The copy you give must match the listing below exactly and contain no pictures.

> Provided material
★ ★ ★ ★ ★ ★ ★
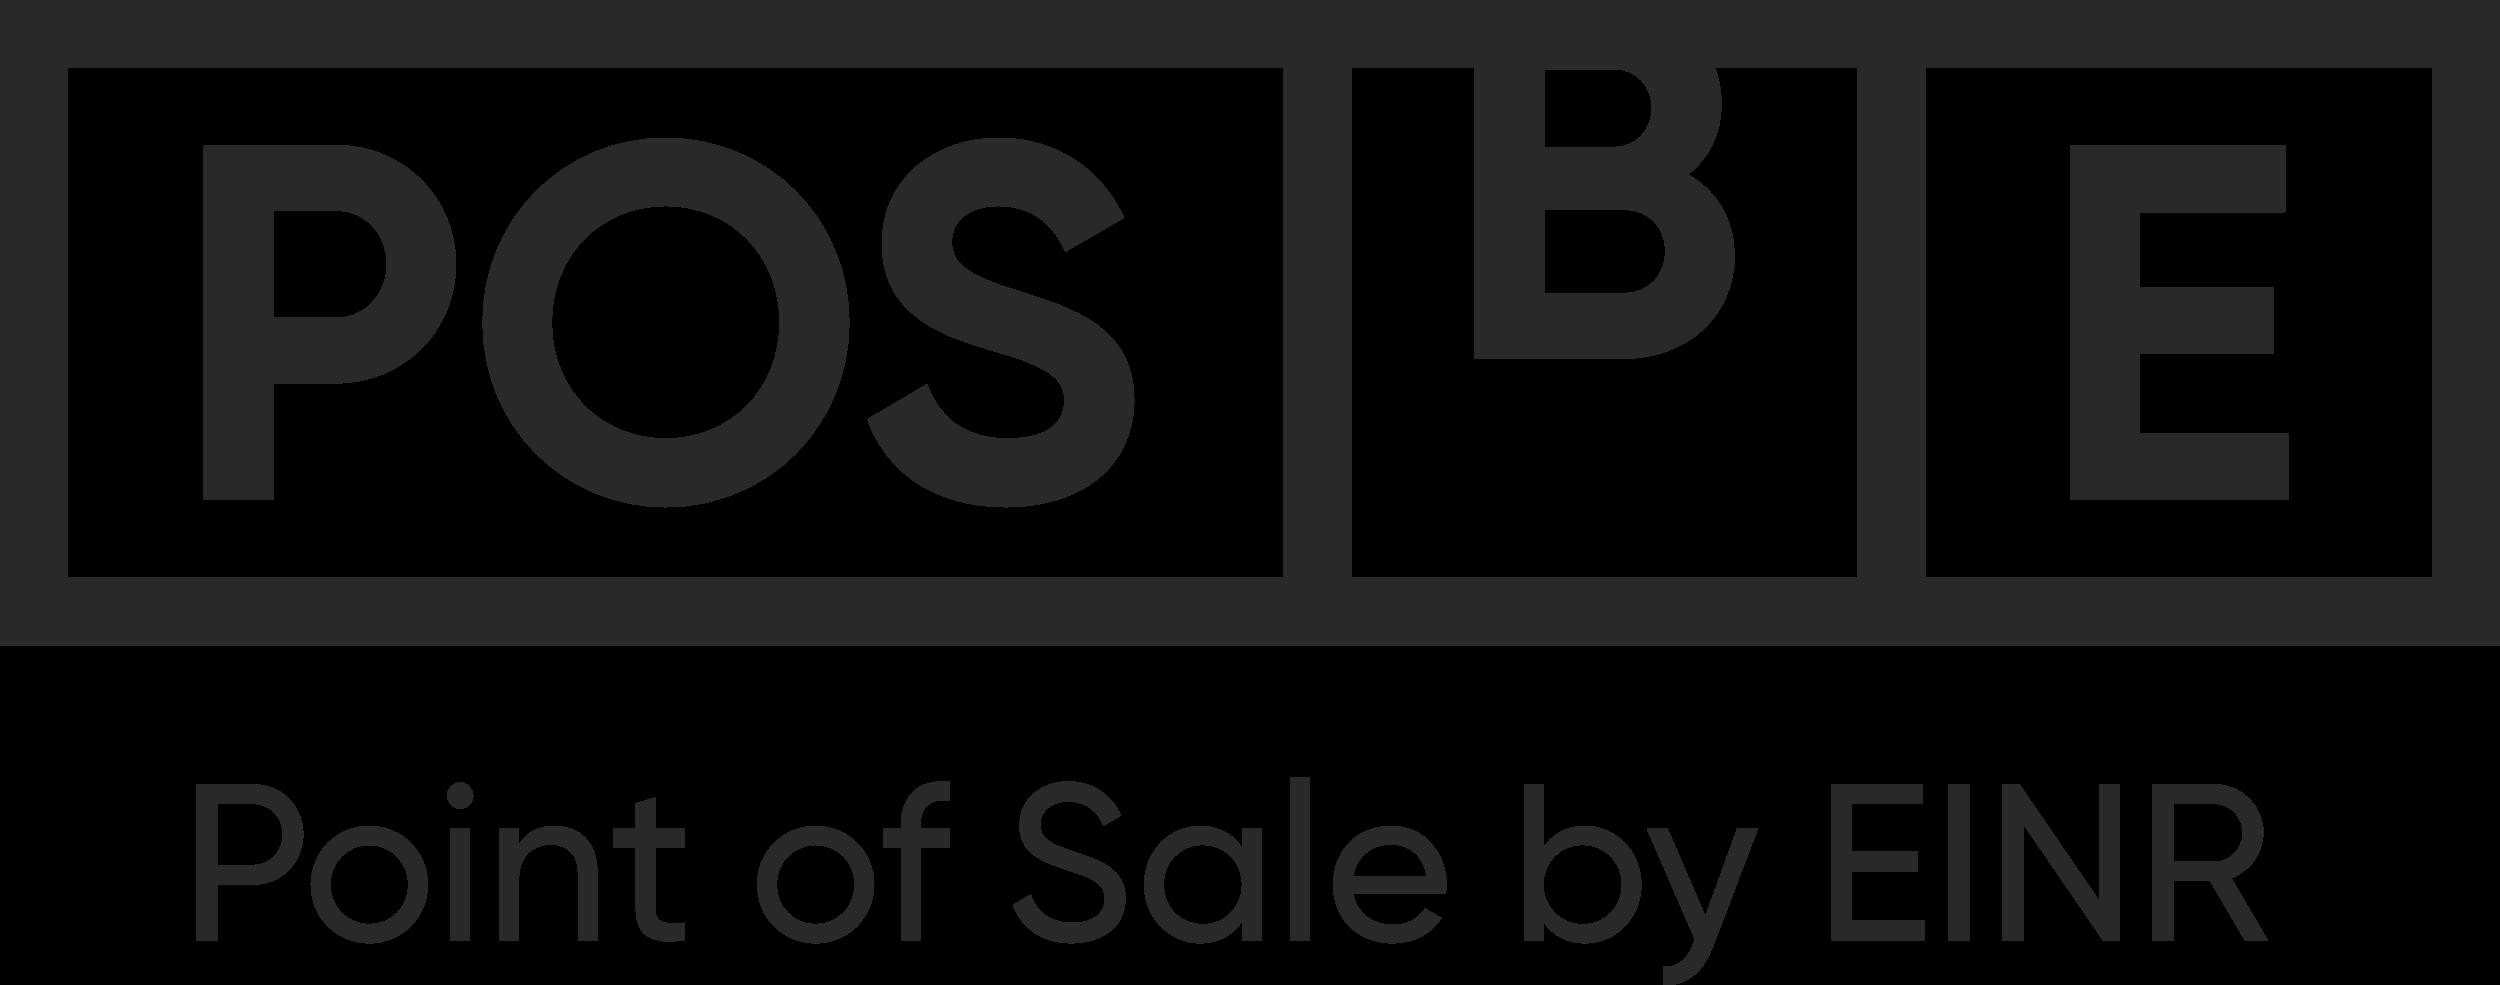 POSBE logo
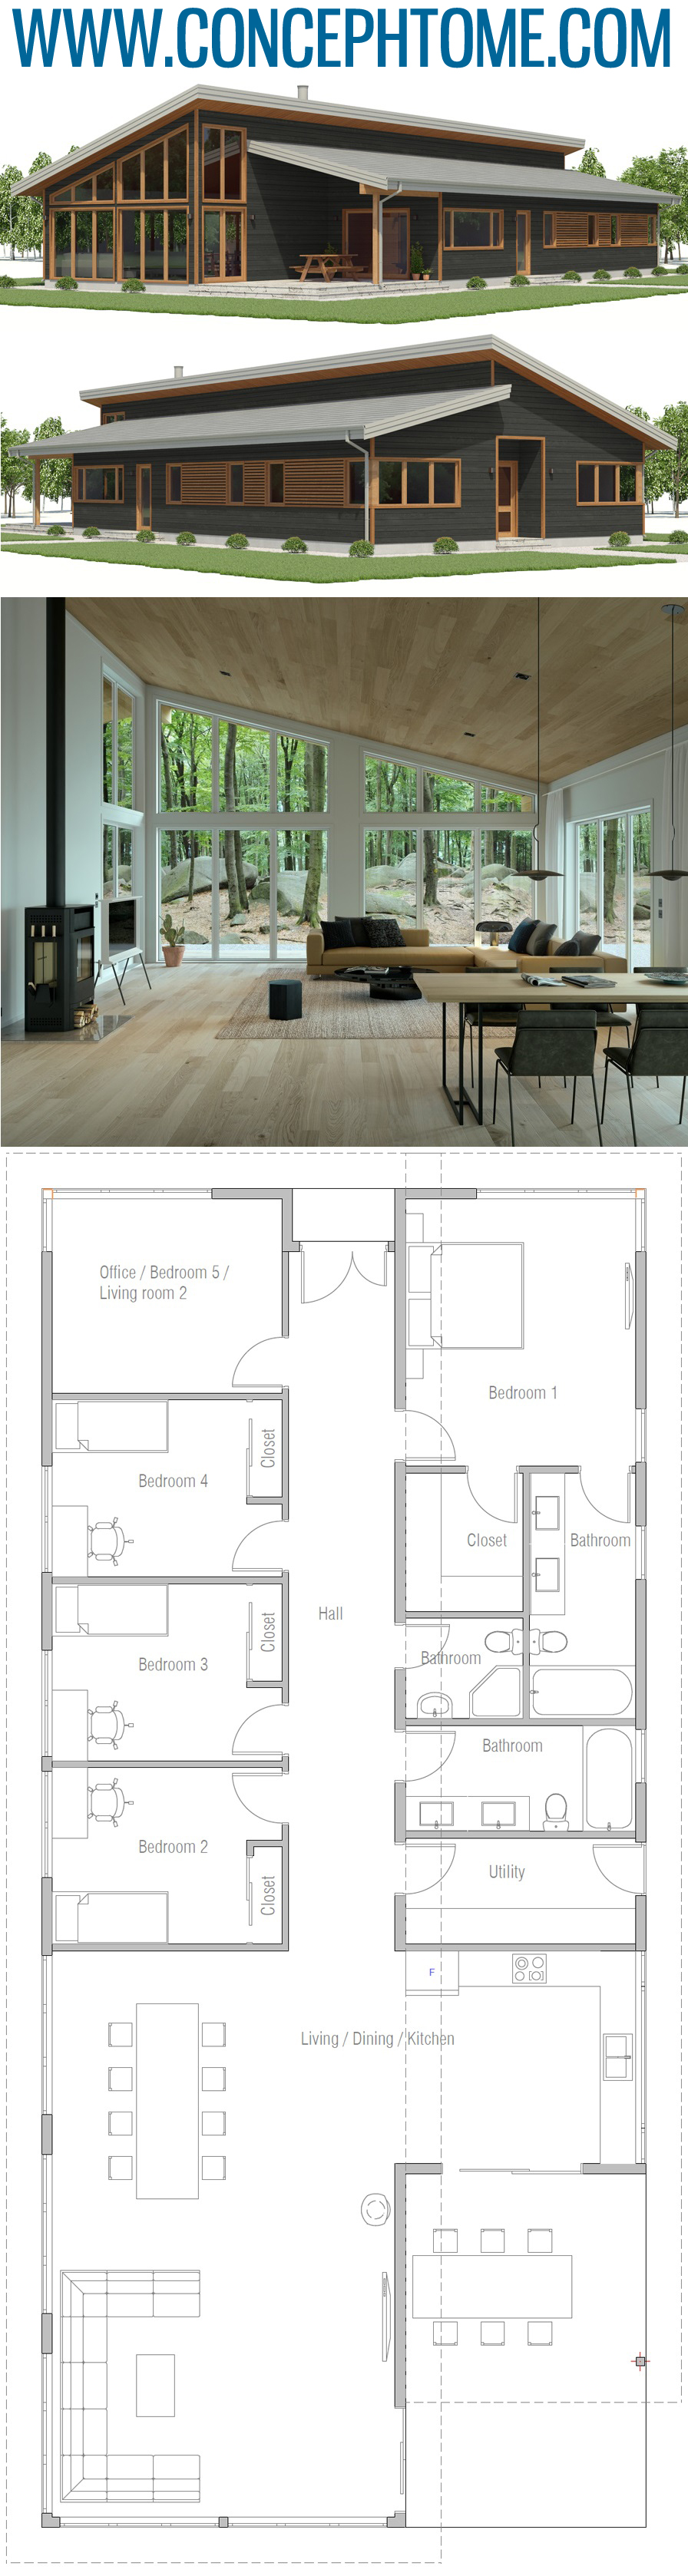 Small Home Plan Ch592 Dream House Plans Modern House Plans House Blueprints
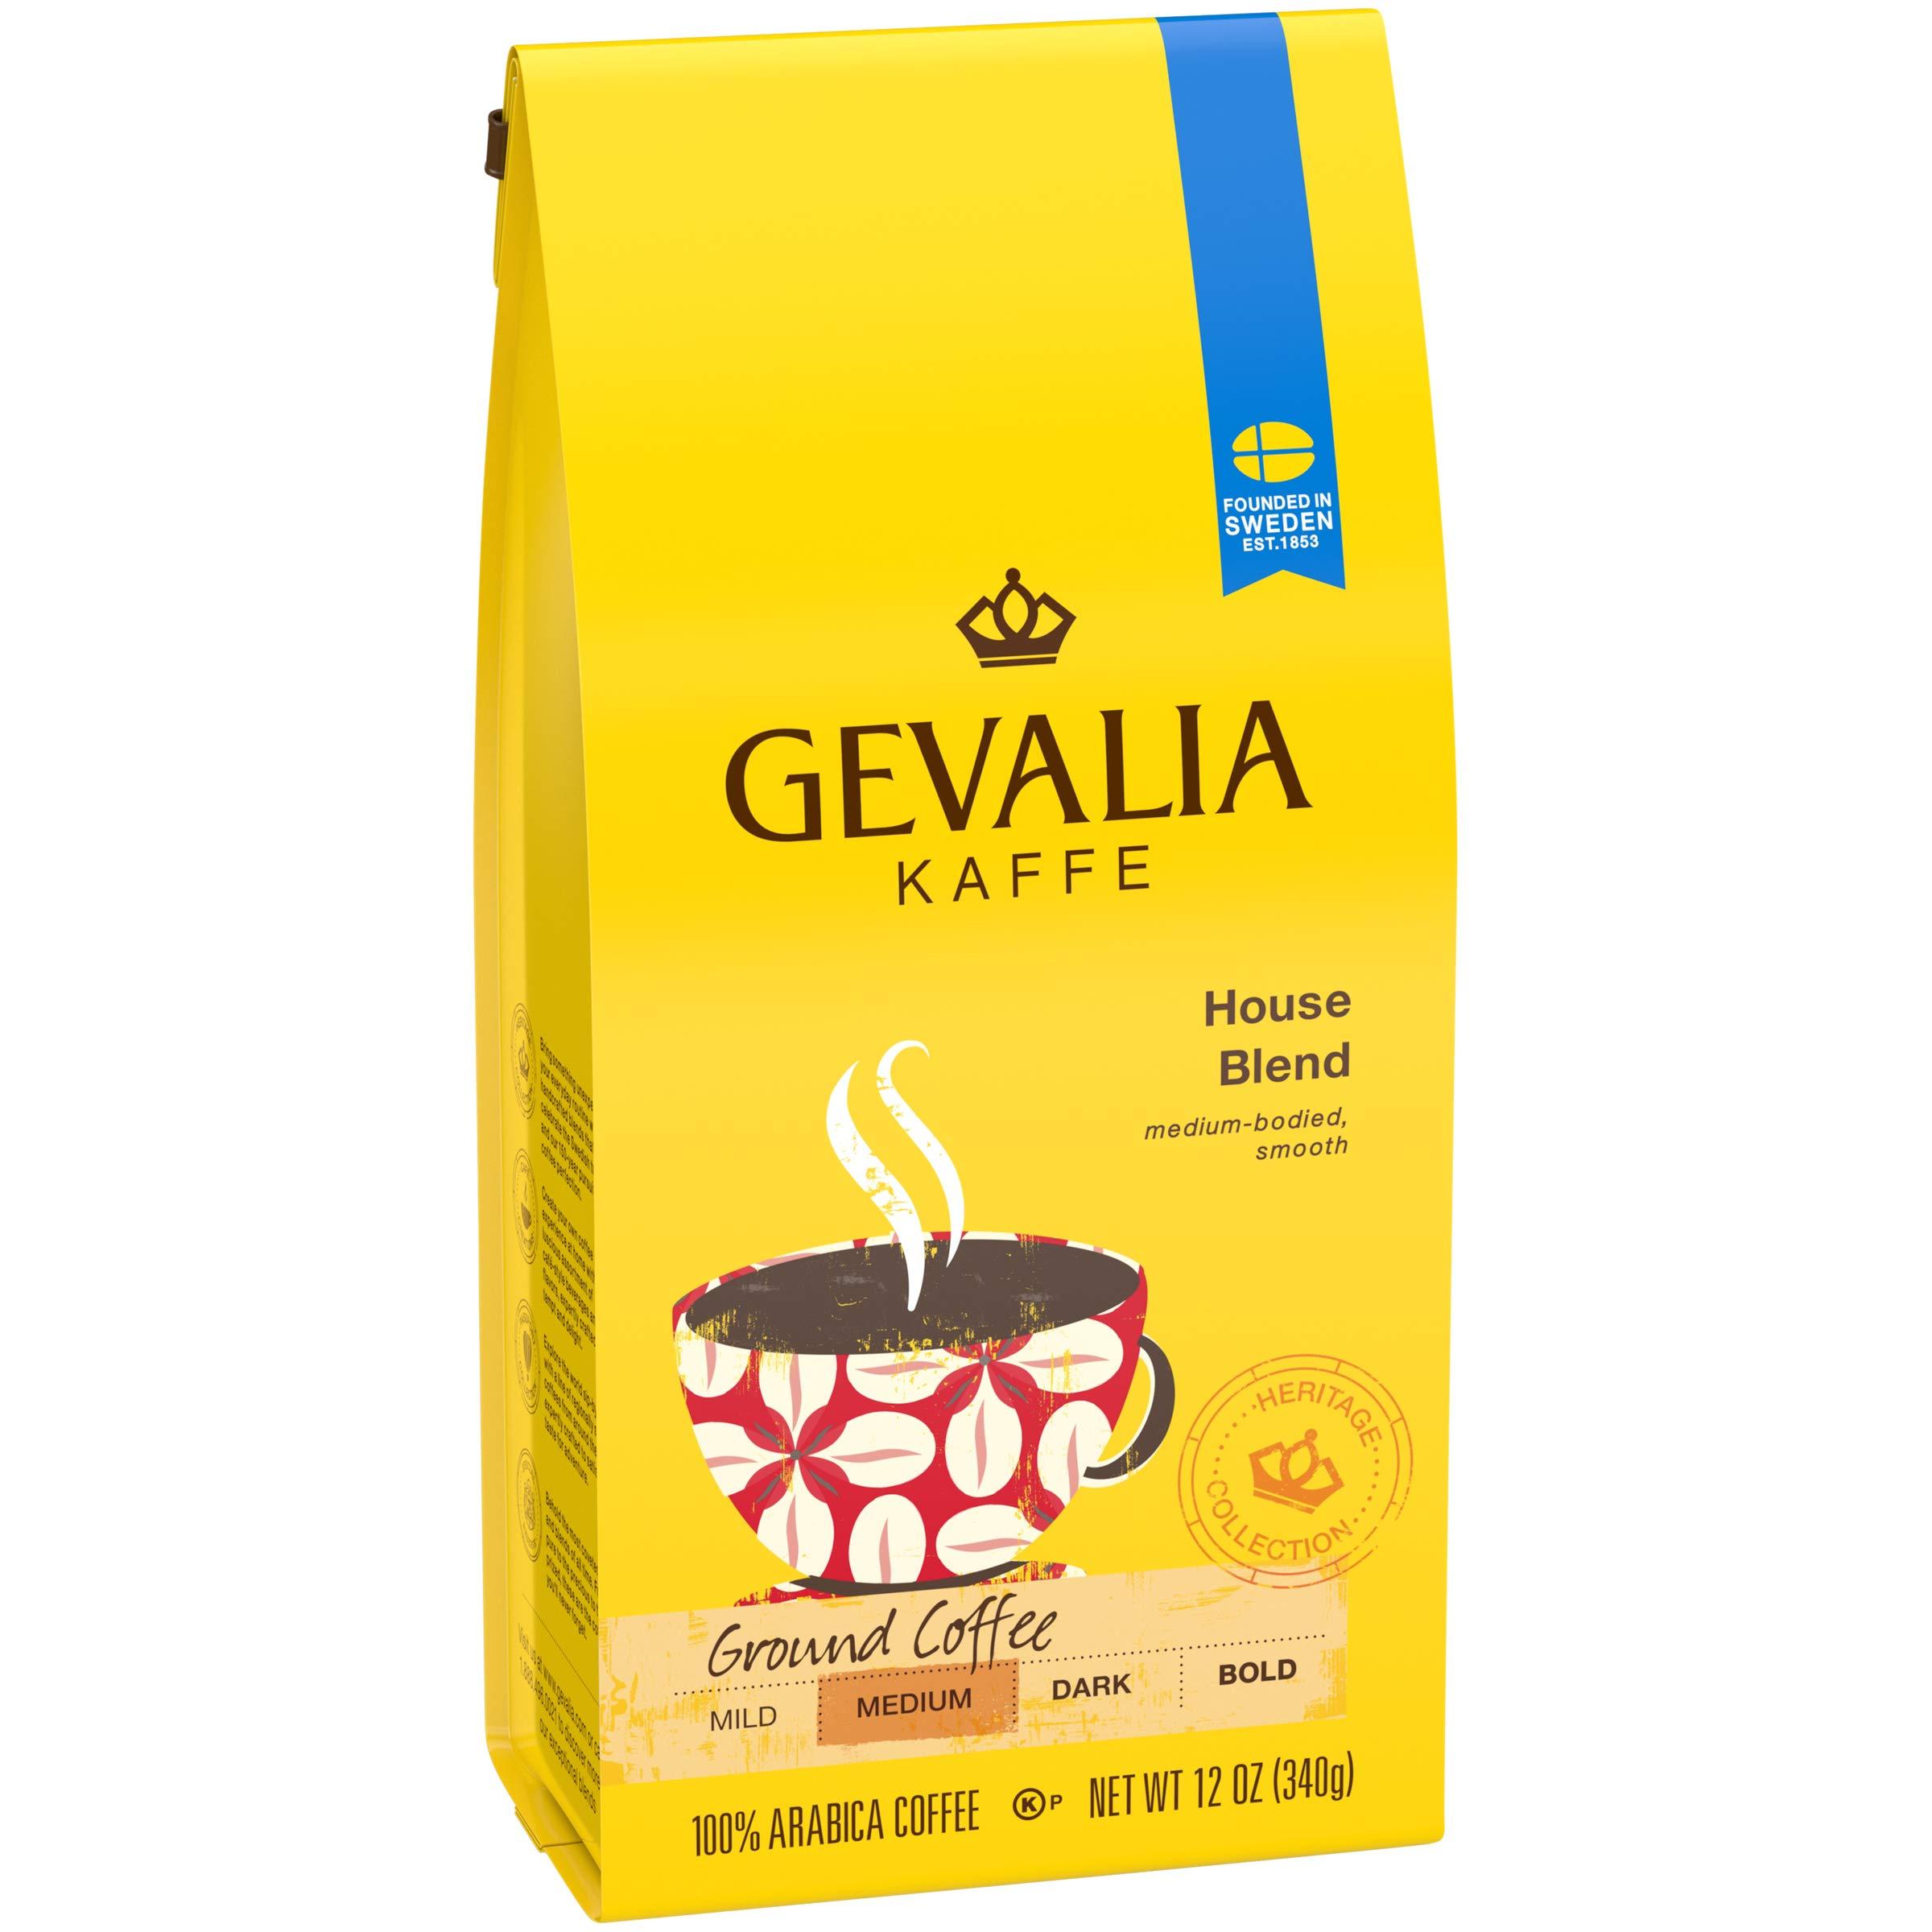 Gevalia House Blend Ground Coffee (12 oz Bags, Pack of 6) by Gevalia
★ ★ ★ ★ ★ ★ ★
> Your solution
 POSBE logo
 Small Home Plan Ch592 Dream House Plans Modern House Plans House Blueprints
 Gevalia House Blend Ground Coffee (12 oz Bags, Pack of 6) by Gevalia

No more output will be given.